チンチラのしっぽは、注意して扱わないと「スポンっ」と取れてしまいます。え、取れるってどういうこと…?と思いますよね。取れるというよりは「抜ける」のほうが正しい表現かもしれません。
チンチラだけでなくリスやデグーなどのげっ歯類もそうなのですが、天敵に遭遇して襲われたり、無理やり押さえつけようといた時に毛や皮膚がごっそり抜けたり、剥がれたりする事があります。
この症状はファースリップやヘアスリップ(しっぽの場合はテールスリップ、テイルスリップ)と呼ばれます。毛が抜ける仕組みについては詳しく判明していませんが、精神的な恐怖心から起こるとか、ホルモン・換毛のサイクルなどに関係しているとも言われています。
天敵につかまってしまった時、逃げるためにごそっと脱毛してしまう…という説もあります。いずれにしても、ほぼ丸裸の状態になるわけですね…。
これは尻尾に限らずに起こり得る事ですが、特におしりを向けて逃げる時に尻尾をつかまれる可能性が高いからなのか、チンチラやデグーは特にしっぽの毛や皮膚がずるんと剝がれやすくなっているようです。
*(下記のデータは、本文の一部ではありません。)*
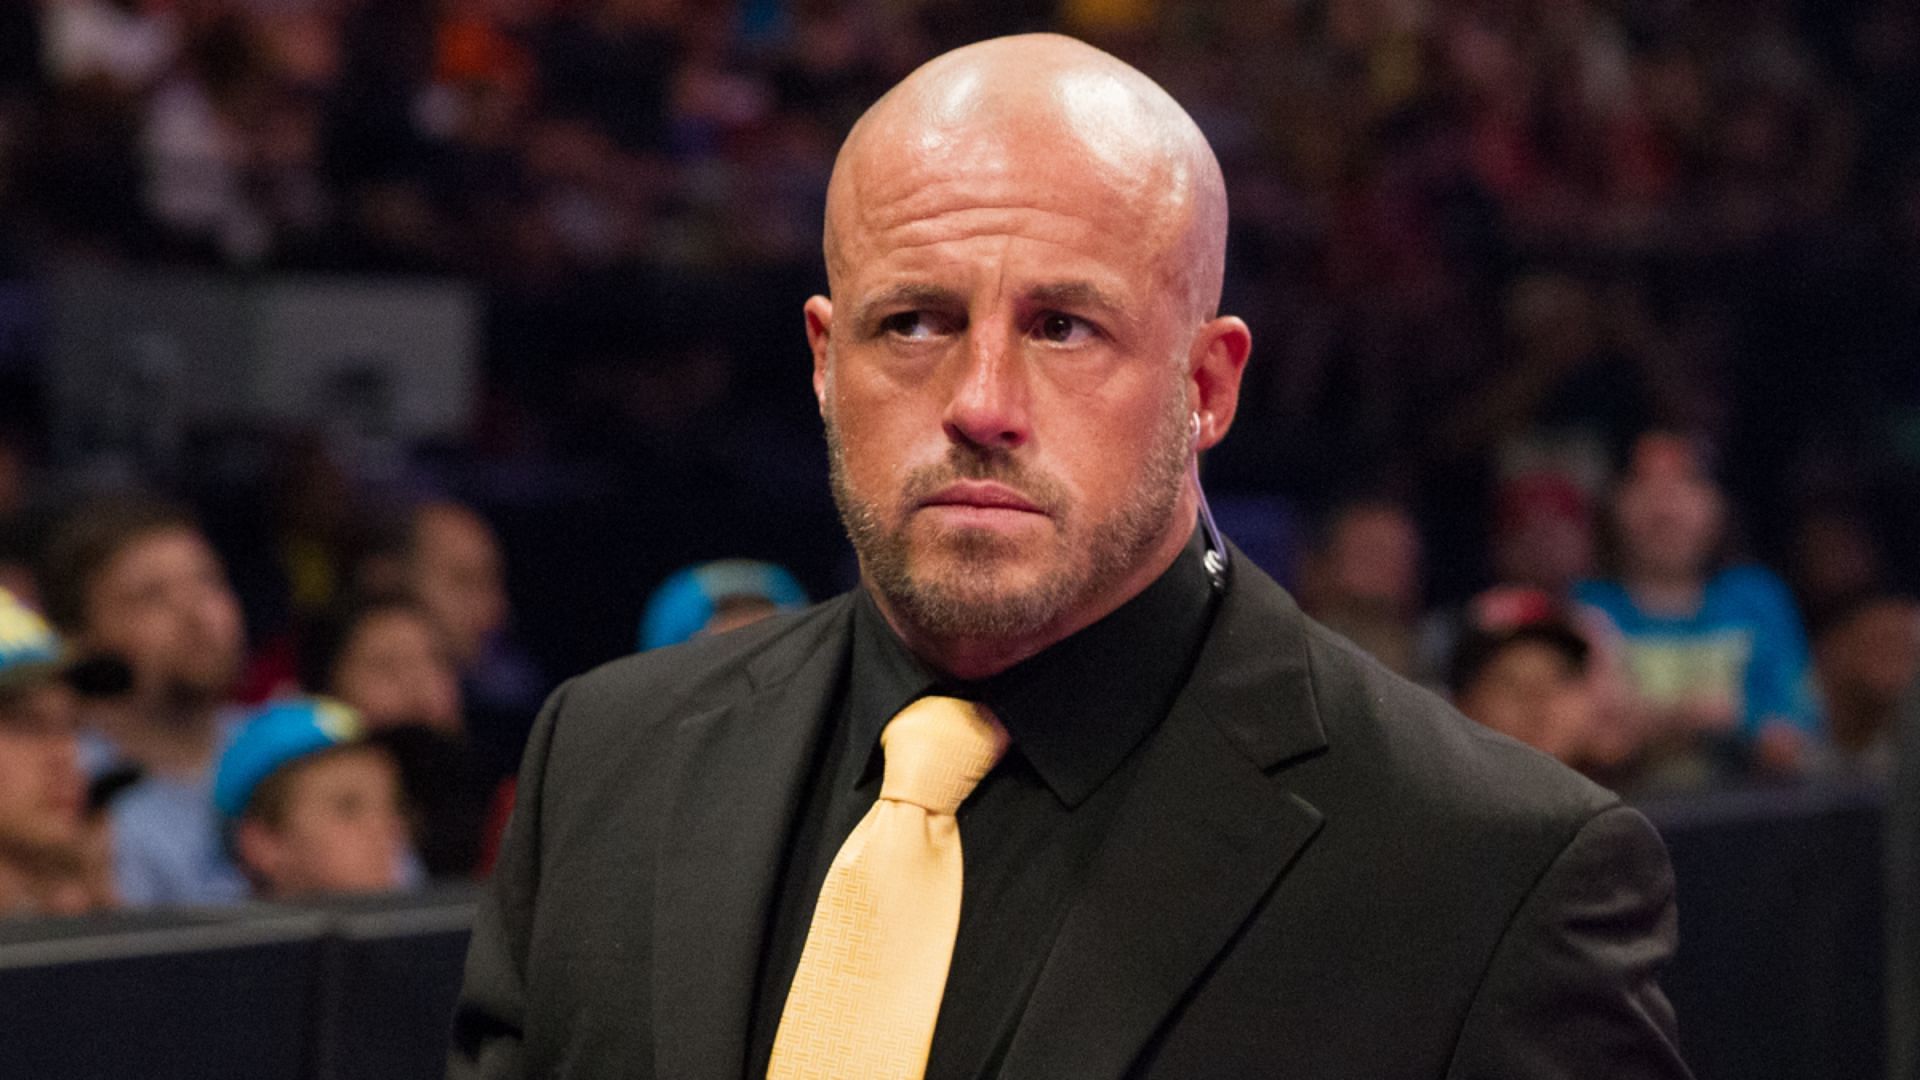 Joey Mercury as part of J&amp;J security after returning to WWE

しっぽに関しては「尾切れ」と「尾抜け」というふたつのパターンがあります。
尾切れ:しっぽが骨ごと切れる事。
尾抜け:骨と皮膚は残ったまま、被毛だけがズルんと剥けた(抜ける)状態の事。
痛々しい画像が多いのでおすすめはしませんが、知識として知っておきたい。という方は「尾抜け」でGoogle検索してみるとデグーちゃんの画像はたくさん出てきます。※やっぱりデグーのほうが尾抜けは多いのかも。
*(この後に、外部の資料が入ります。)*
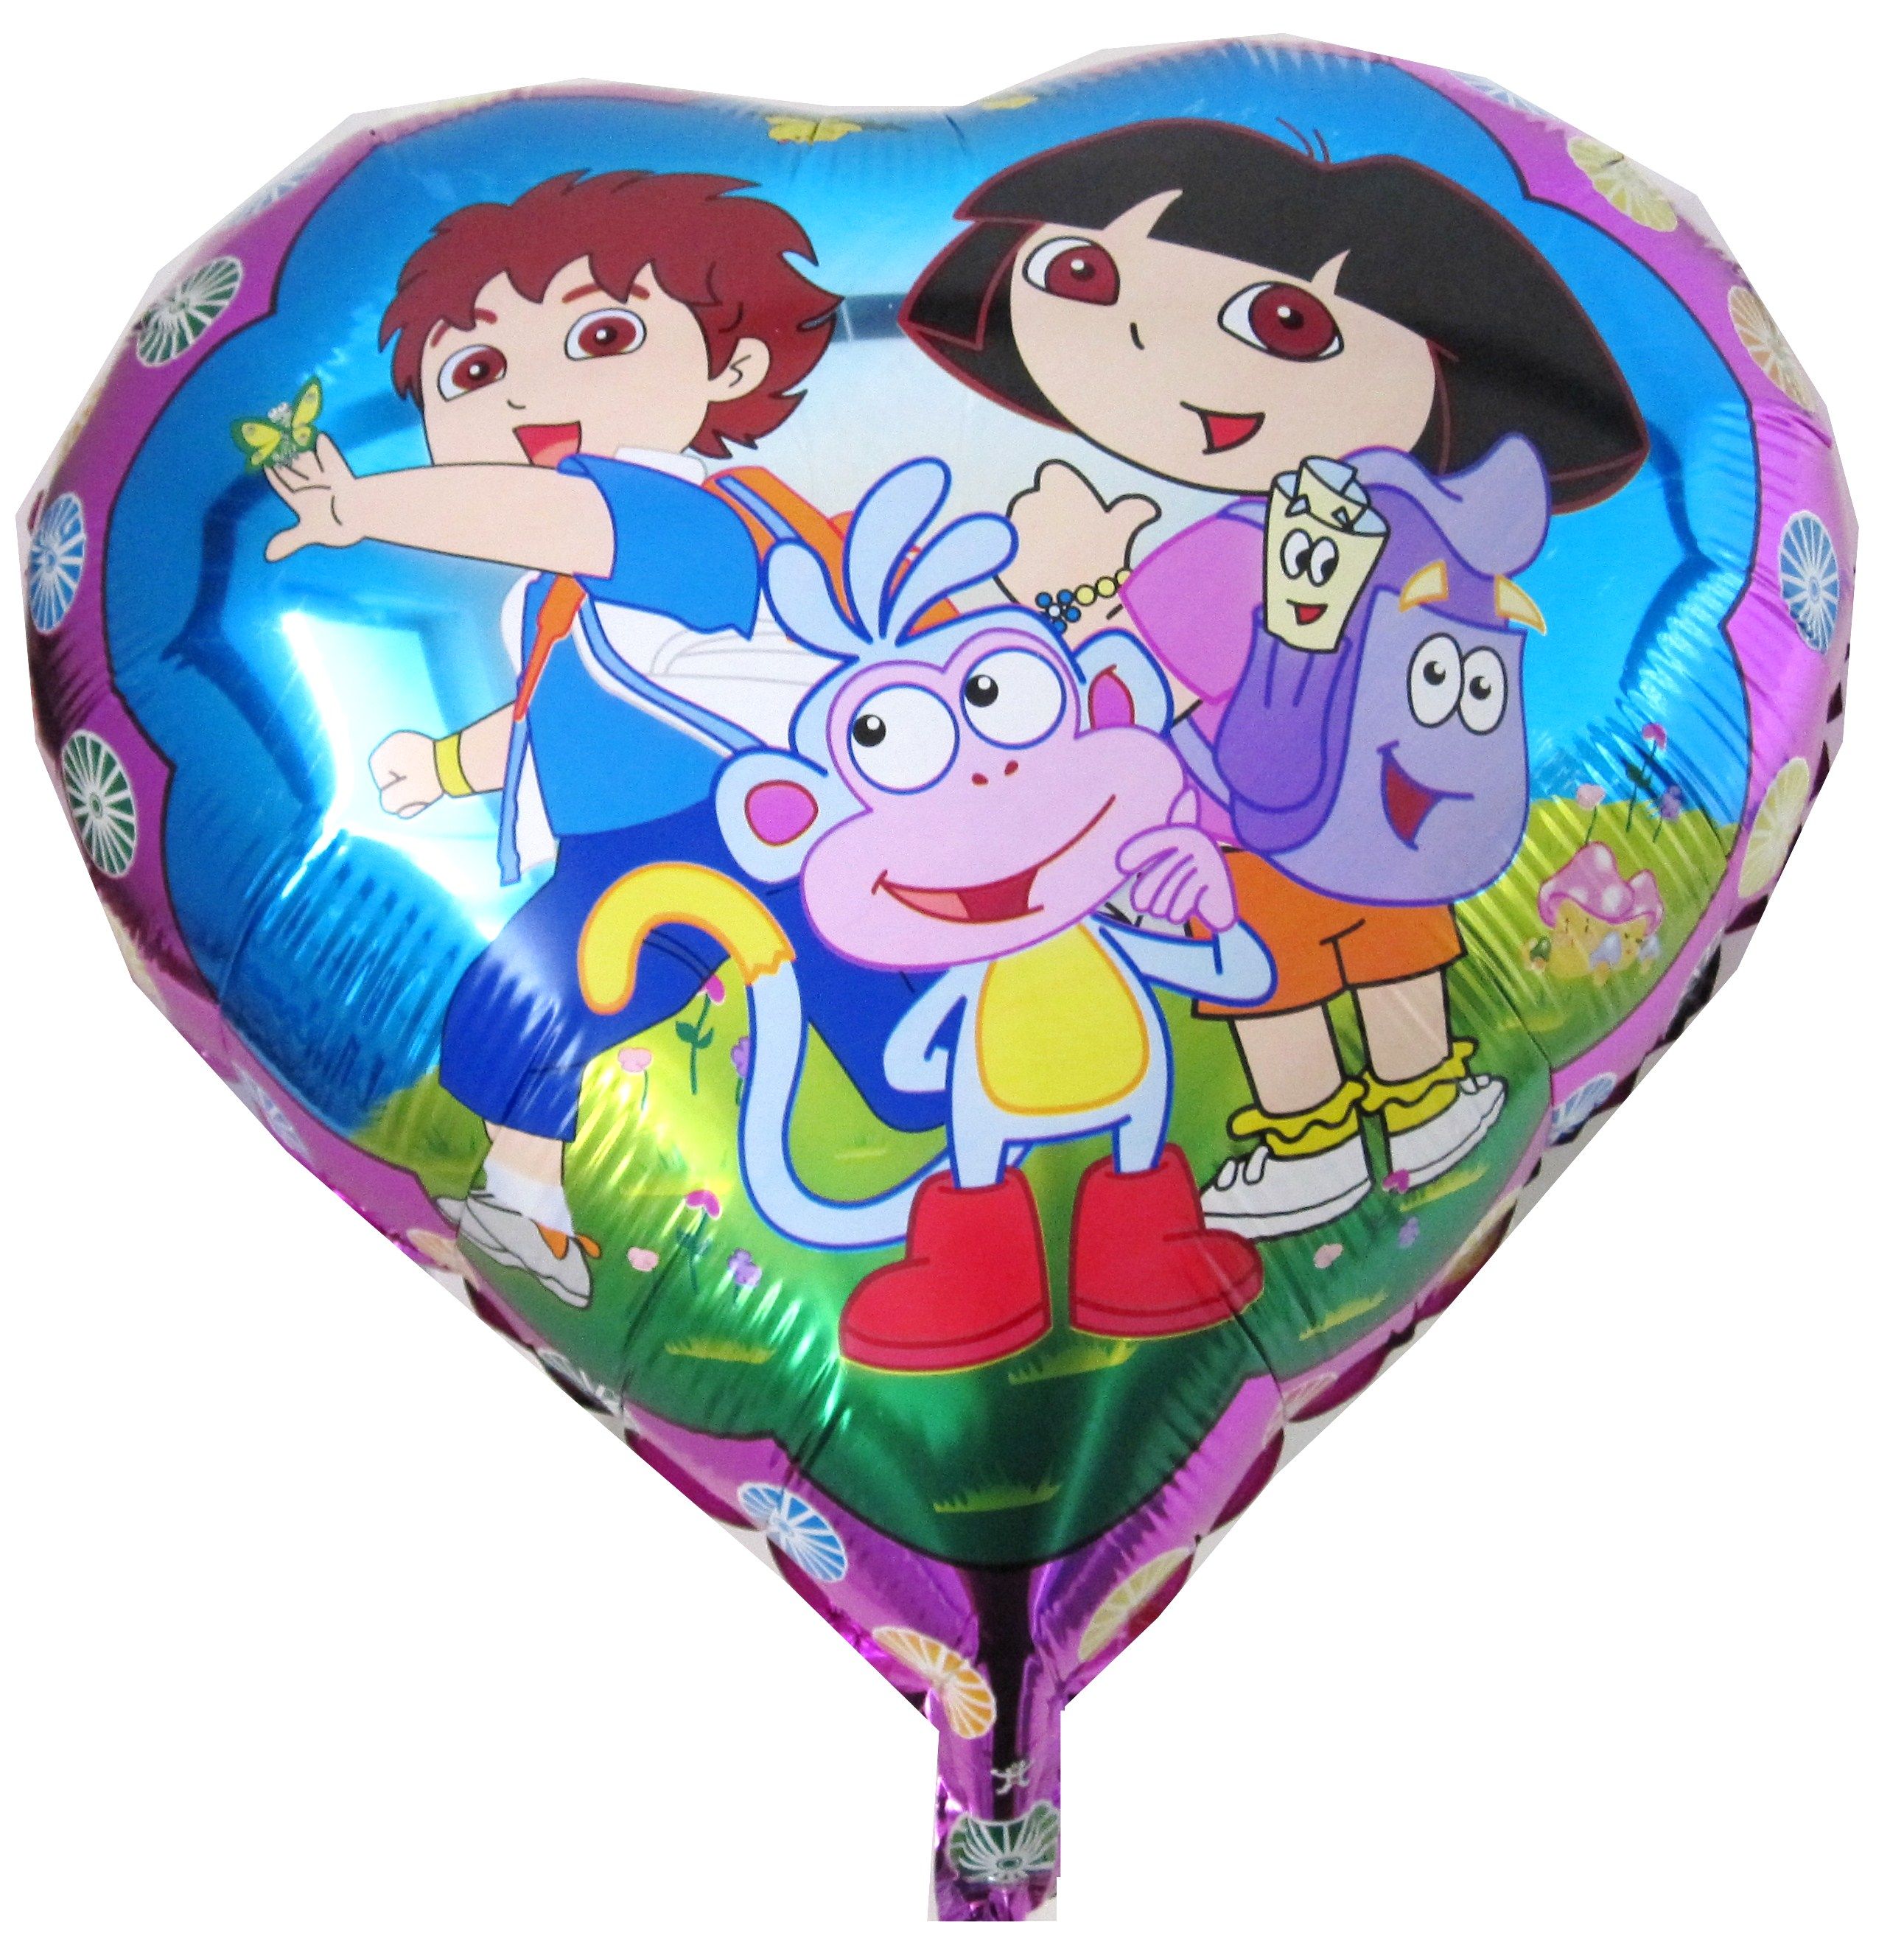 This Dora the Explorer and Go Diego Go foil balloon measures approx

部屋んぽからなかなかケージに戻ってくれないからといって、絶対にチンチラの尻尾をギュっと掴んだりしてはいけませんよ!尾切れや尾抜けだけでなく、骨折の原因にもなりかねません。
骨折した場合はこれも大変です。人間の骨折の場合は、ギプスをして再生を待つのが一般的ですが、ひどい骨折の場合は手術をしますよね。チンチラも同じで、固定して治癒をまつか手術かを選ぶことになります。
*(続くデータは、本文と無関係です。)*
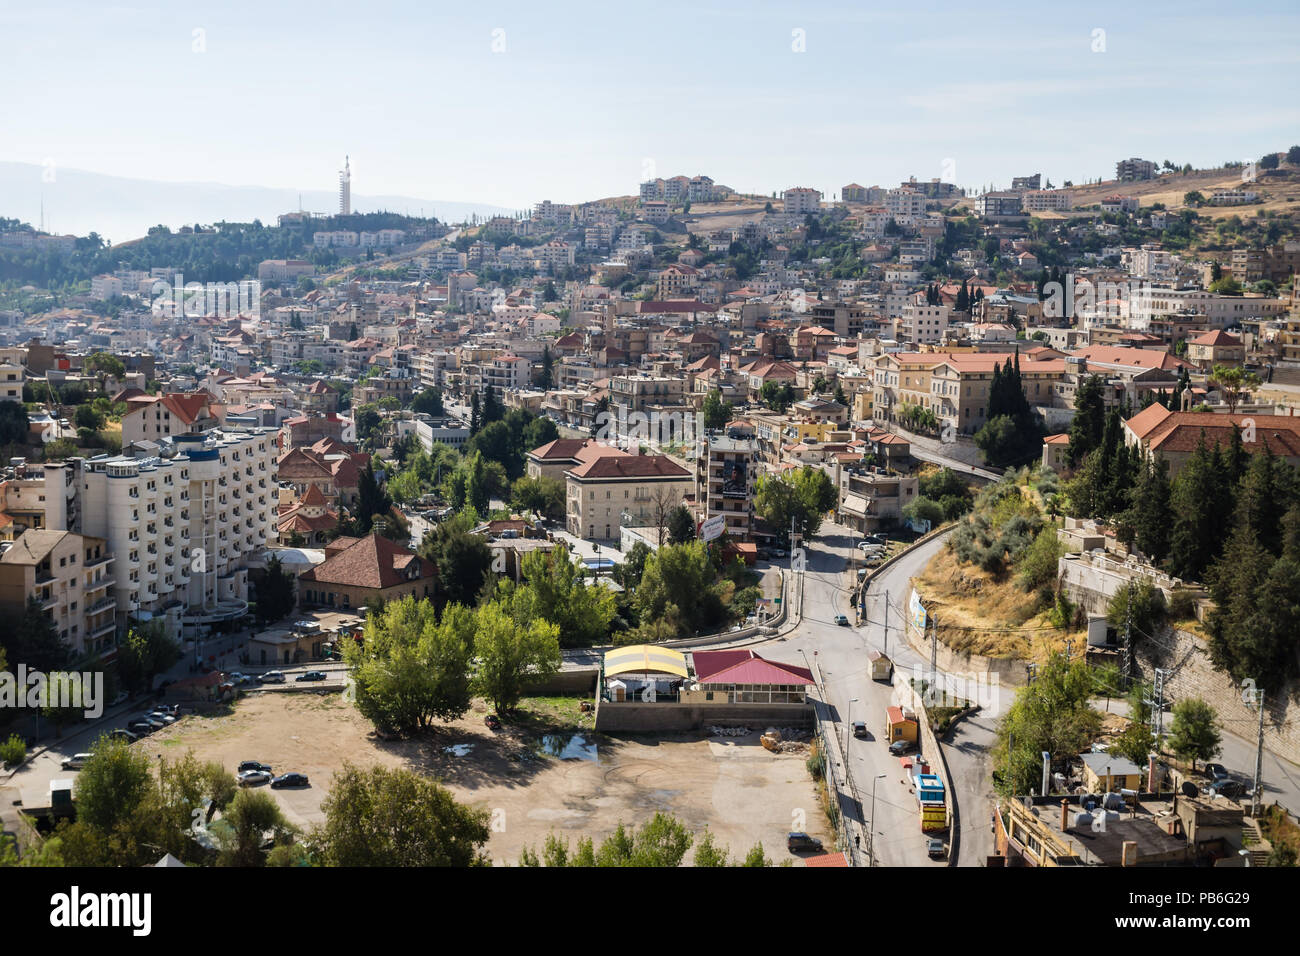 Morning view of the cityscape of Zahle, Lebanon Stock Photo

ただ体が小さい分手術は難しく、成功しない事もあり得ます。自然治癒を待つ場合も、完治するまで砂浴びもできませんしうまく動けずにストレスがかかります。様々なリスクがありますので、骨折させないように気を付けることが何よりも大切です。
夜中、飼い主が寝ているあいだにケージの中でけがをするパターンもありますので、ケージの中に危険な個所がないかは今一度確認してみてくださいね。
トカゲやカナヘビと違って、チンチラのしっぽは一度切れたり抜けたりすると再生しません。飼い主は、モフモフの体だけでなくあのバサバサなしっぽもチンチラのチャームポイントのひとつだと思いますし、生きていくうえで必要な大切な部位でもあります。
改めて、みなさんのチンチラちゃんの尻尾も観察してみてはいかがでしょうか。
以上、チンチラの「しっぽ」についての解説でした。